Mason Jar Salad with Moonshine Dressing

Aug 17, 2013

Fly guy is way better about eating raw veggies than I am.  For his first few flight trips he packed bags and jars of cut up raw veggies.  I got a stomach ache just looking at them.  After eating carrot sticks and loads of bells peppers for four days his stomach joined me.  What a love story right?  Two stomachs become one....

Well you have to add some protein silly!  Maybe some jazzy dressing, peppery arugula, and cheese if you must.

Fast forward to a week later and he's sitting in the pilot lounge scarfing his jazzy salad thinking jazzy thoughts about his jazzy wife.  Jazzy:  Bright, colorful, showy.  Ok, maybe I'm a little showy. Another pilot (probably enviously) laid eyes on his salad.

"Whatcha eatin there boy?  Mighty colorful"

'Uhh... salad'

"And that some moonshine dressing to go with it?"

Thank you Mr. Smart Aleck Pilot.  The name has stuck and now my children will be telling strangers that their mama makes moonshine for their daddy to fly with.
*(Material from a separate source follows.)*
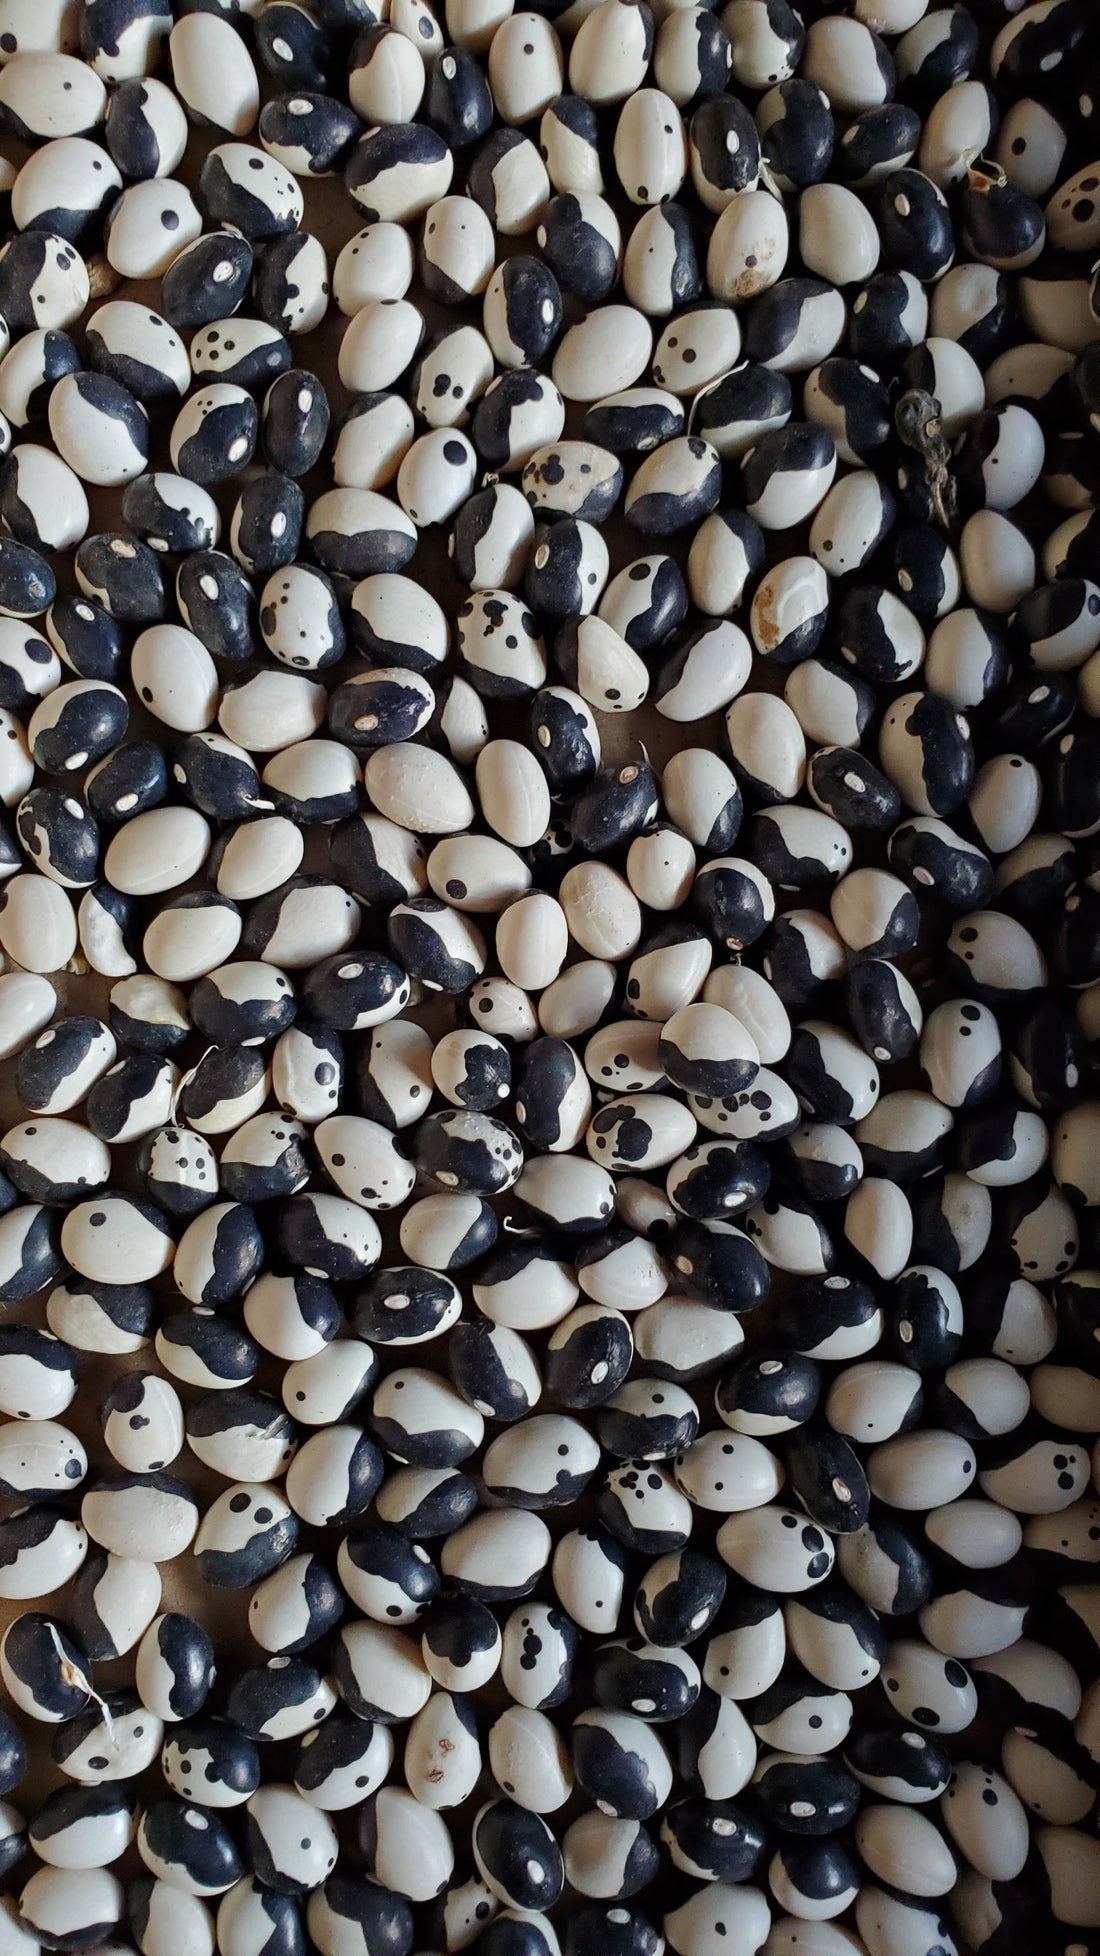 Orca Bean Seeds

Moonshine Dressing aka Red Wine Vinaigrette

1/3 cup extra virgin olive oil
3 TB red wine vinegar
1 garlic clove minced or finely grated
1 tsp dijon mustard
salt and pepper to taste

Place all ingredients in a small jar with lid tightly screwed on and give it a good shake.

Mason Jar Salad

These are straight forward but there is a method that will keep everything fresh longer.  These jars should last refrigerated for several days.
  • Dressing goes on bottom. We use 2 TB.
  • Then choose some firm veggies you don't mind soaking in dressing.  This is a great place to tame your raw onions.
  • Then a layer of grains or protein.  Beans, meat, eggs, quinoa, ect.
  • Last comes the greens.  It is important these are dry or your salad will break down quickly.
Store upright and then give a few good shakes before digging in.
Air travel, car travel, down the street to the park travel. Healthy food to pack no matter how you picnic.